Smuggling suspect knew of frigid cold before Indian family’s death on Canada border, prosecutors say
Minneapolis, March 27
A man accused of helping smuggle people across the US-Canadian border had been warned of blizzard conditions before he arranged for four members of an Indian family to cross in 2022, prosecutors allege.
The parents and two young children froze to death.
Harshkumar Ramanlal Patel, 28, who prosecutors say went by the alias ‘Dirty Harry’, is due in federal court in Minnesota on Wednesday on seven counts of human smuggling.
The man he allegedly hired to drive the Indian nationals from the Canadian border to Chicago also faces four counts, according to a new indictment unsealed last week.
The alleged driver, Steve Shand, of Deltona in Florida, was arrested and charged with human smuggling two years ago. He has pleaded not guilty and remains free. Proceedings in his case have been put on hold several times.
In a recent court document, an agent with the US Department of Homeland Security said Patel has been refused a US visa at least five times — four times at US consulates in India and once at the US consulate in Ottawa in Canada. He is in the US illegally, the agent said.
Patel’s name didn’t emerge until he was arrested in Chicago last month on a previously sealed warrant issued last September. Defence attorney Thomas Leinenweber said in an email that Patel will plead not guilty on Wednesday. He didn’t elaborate.
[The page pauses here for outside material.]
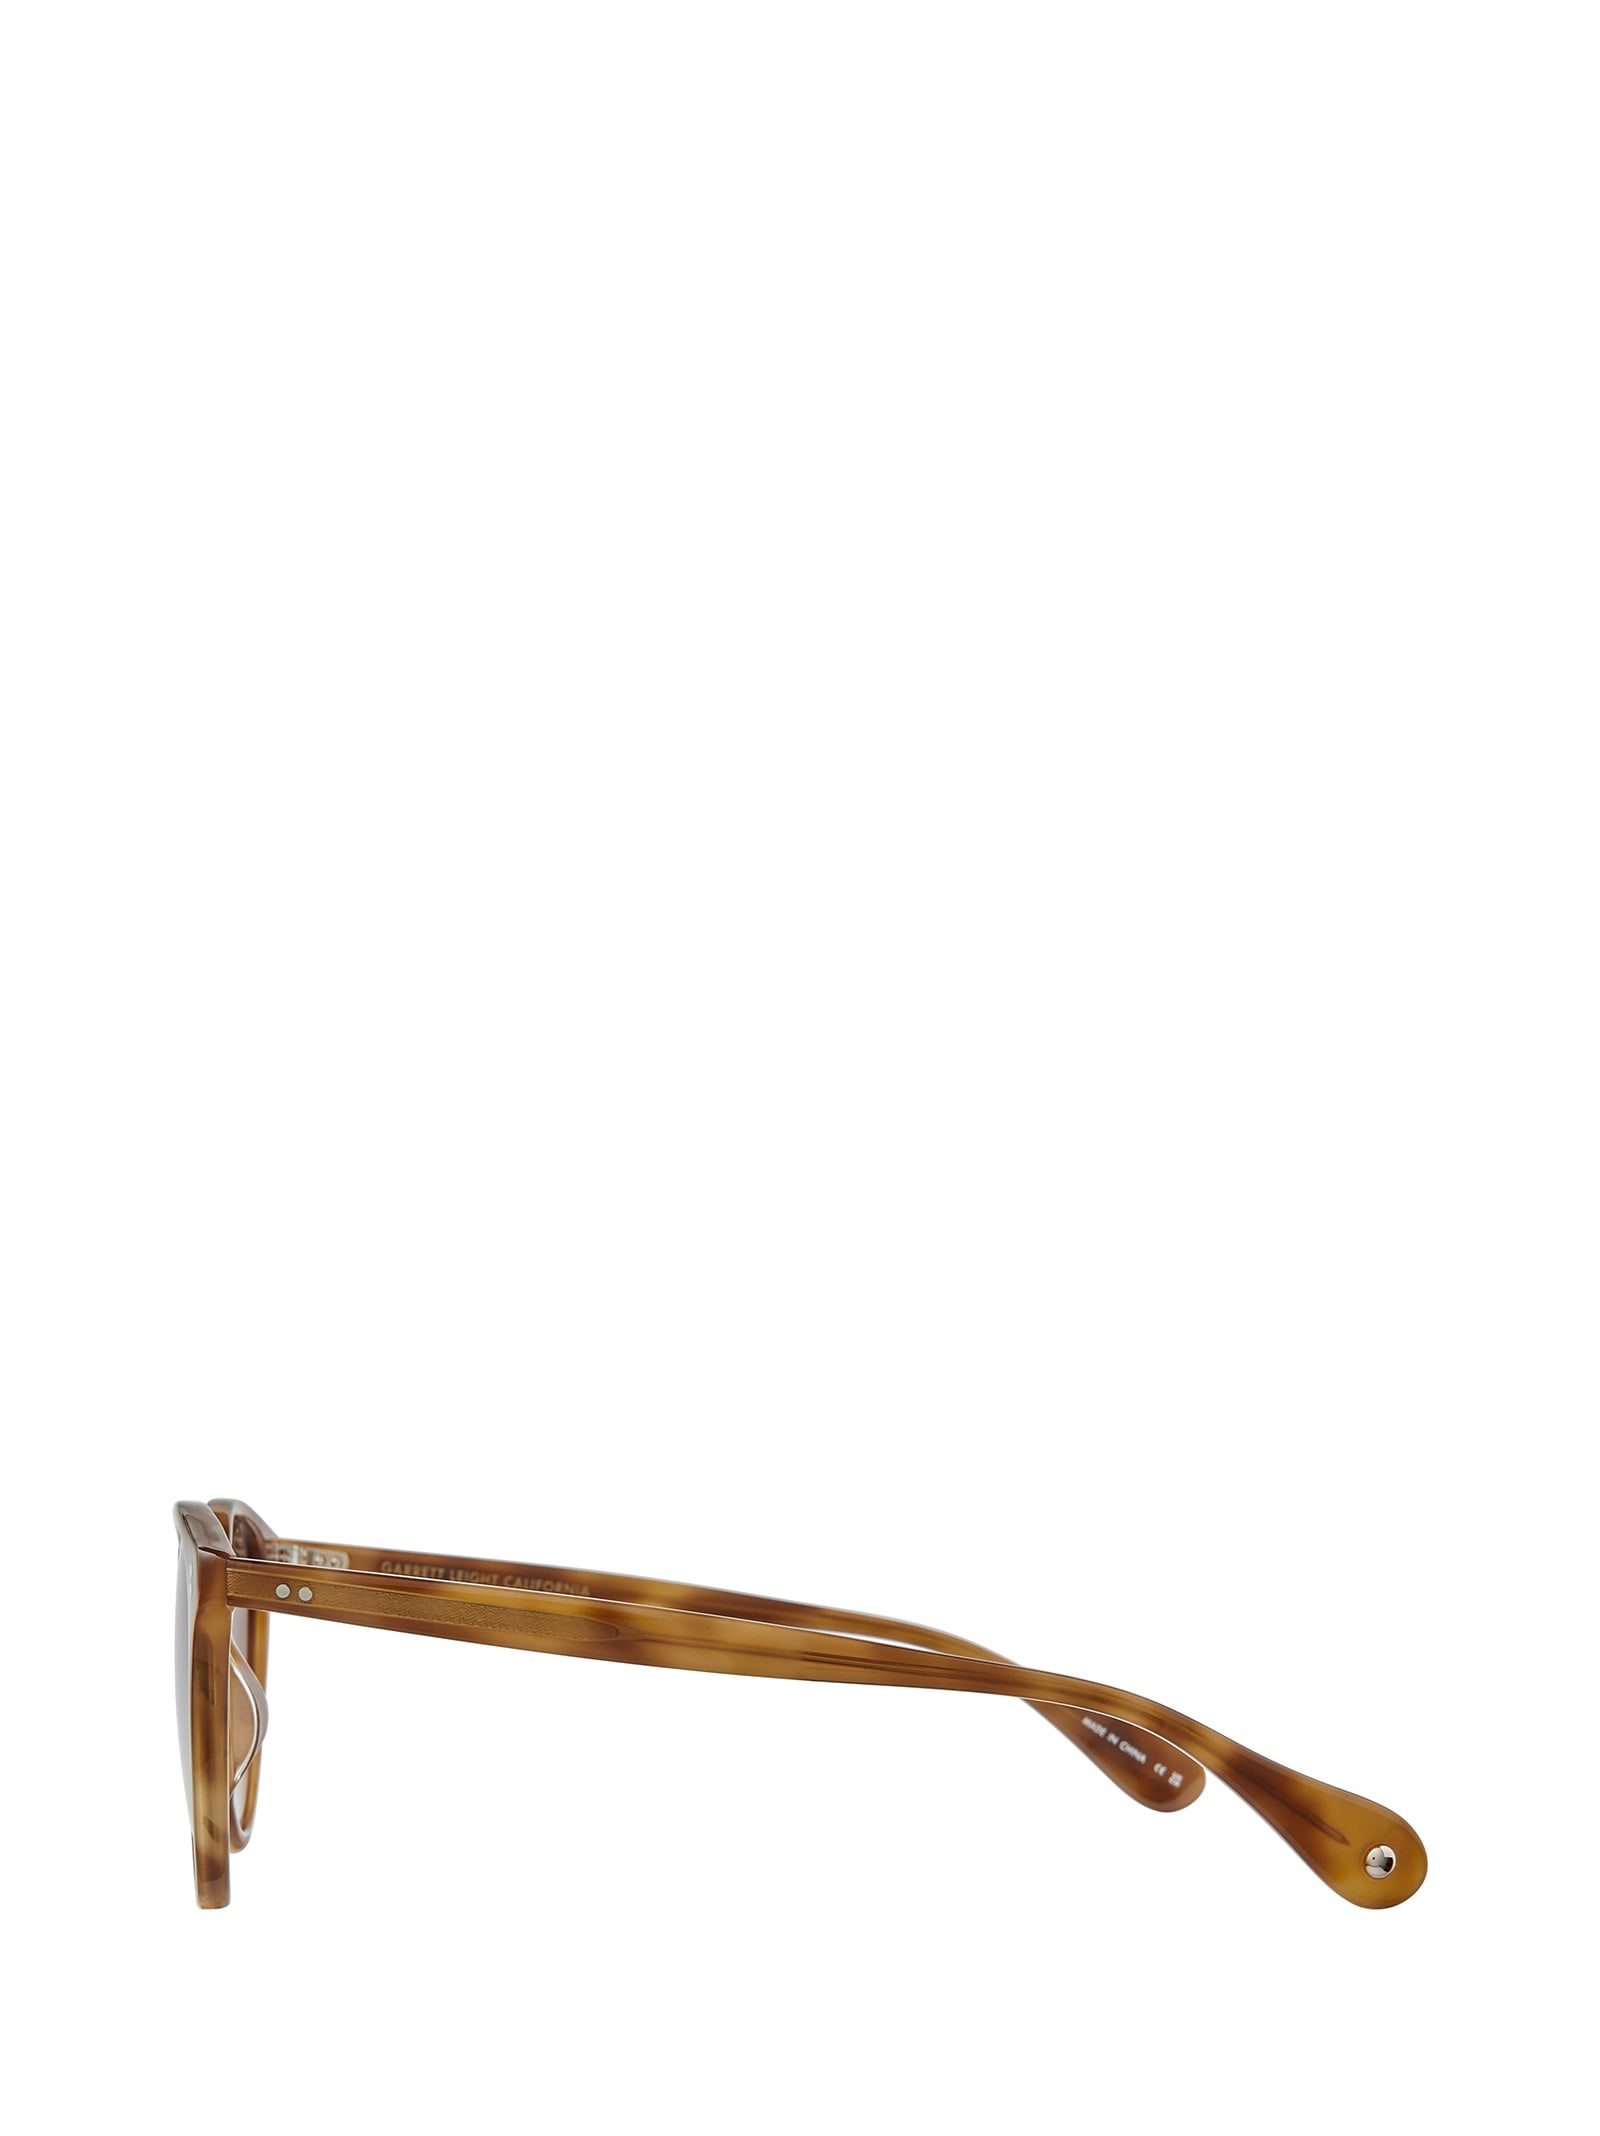 Shop Garrett Leight Manzanita Sun Ember Tortoise/california Dream Gradient Sunglasses

Unsealed court papers connect Patel with a human trafficking group based in Gujarat. The group allegedly would get Indian nationals into Canada on student visas, then move them on to Chicago.
The migrants would work for substandard wages at Indian restaurants while they paid off debt to the smugglers, according to the court documents.
Prosecutors allege Shand was driving a rented 15-passenger van when it was stopped by the US Border Patrol in Minnesota just south of the Canadian border on January 19, 2022.
Inside the van were two Indians from Gujarat who had entered the US illegally, while five others were spotted walking nearby. According to court documents, they told officers they’d been walking for more than 11 hours in temperatures well below zero Fahrenheit (-34 Celsius).
One person was hospitalised with severe cold-related injuries.
A man with the group told authorities he paid the equivalent of about USD 87,000 to get smuggled into the US. He also had a backpack that contained children’s clothes and a diaper, but there were no children in the group.
The man told authorities he was carrying the items for a family of four with a small child, all of whom had separated from his group during the night. Later that day, the Royal Canadian Mounted Police found the four dead, just 10 metres from the border near Emerson in Manitoba.
According to a series of messages sent via WhatsApp, Shand told Patel, “Make sure everyone is dressed for the blizzard conditions please.” Patel replied, “Done.” Then Shand remarked, “We not losing any money.”
The victims were identified as Jagdish Patel, 39; his wife, Vaishaliben, 34; their 11-year-old daughter, Vihangi; and 3-year-old son Dharmik, all from the village of Dingucha in Gujarat. It’s not clear if they were related to the defendant because Patel is a common name in India.
Jagdish Patel and his wife were educated and had worked as teachers, but sought a better life in the US, relatives have said.